JFrog security researchers reported that the PyPI package repository is vulnerable to attacks where malicious packages are uploaded using the same name as previously deleted packages. If continuous integration tools such as Jenkins trust and install these packages, automatic infection can occur.

When a project is removed from PyPI, its package name becomes immediately available to other users. Attackers can re‑use that name, and developers may unknowingly download a malicious version, believing it to be the original.

This technique is more powerful than domain squatting because there is no indication that a previously trusted package now belongs to a new owner. The researchers demonstrated the attack by creating a package, deleting it, and then replacing it with a same‑named package from a different account with a higher version number, successfully fooling pip.

They observed that running pip list --outdated shows the impostor as merely a “new version” (e.g., 4.0.0) – same name but completely different code.

According to the paper, PyPI deletes about 300 packages each month. Even after filtering out packages with more than 100,000 downloads or that have been active for over six months, the researchers identified over 22,000 packages that could potentially be hijacked.

The team also reserved a small set of popular vulnerable package names as empty packages to prevent hijacking. In three months, these empty packages were downloaded nearly 200,000 times, indicating that outdated jobs and scripts still search for deleted packages or users manually download them due to name squatting.

One concrete case involved the package pingdomv3 . The original Pingdom API is a monitoring service operated by SolarWinds, but pingdomv3 was an independent project last updated in 2020. The original author removed it from PyPI on March 30 2024; shortly after, a new developer claimed the name and uploaded a malicious version on April 12, which was reported and promptly removed.

The malicious payload’s details were not disclosed, but it downloads a script and executes it via Python’s exec command, assuming the package runs in a Jenkins environment.

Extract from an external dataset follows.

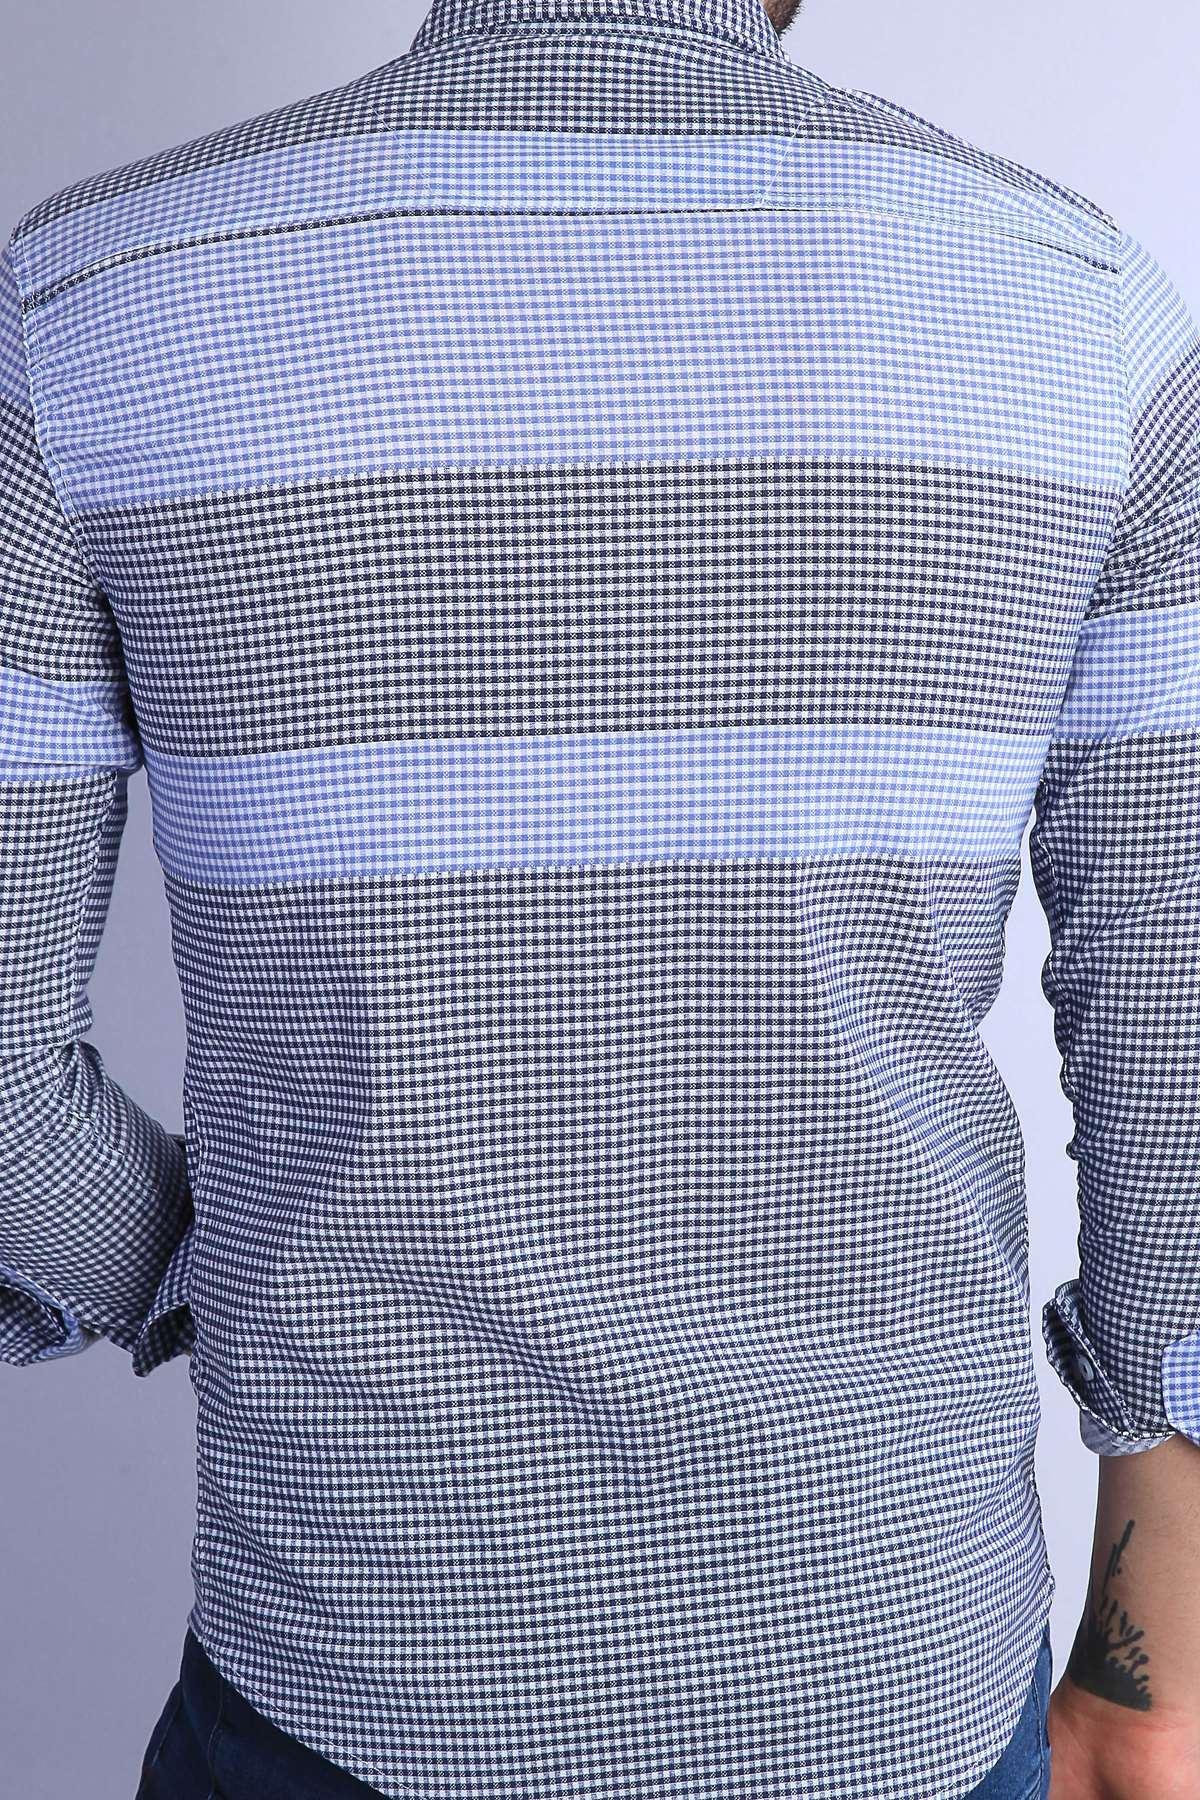 Küçük Kare Desenli Yaka Düğmeli Slim Fit Gömlek Lacivert

Although the study was reported to PyPI in May, the JFrog team said they have not received a response. They advise PyPI users to stay vigilant and ensure their CI/CD pipelines do not attempt to install packages that have been removed from PyPI.

PyPI security engineer Mike Fieldler recently announced several technical measures to improve security: mandatory two‑factor authentication for all accounts, security audits, an enhanced malware reporting process (90 % of issues resolved within 24 hours), new quarantine options for suspicious packages, and improvements to the PyPI codebase (the Warehouse application).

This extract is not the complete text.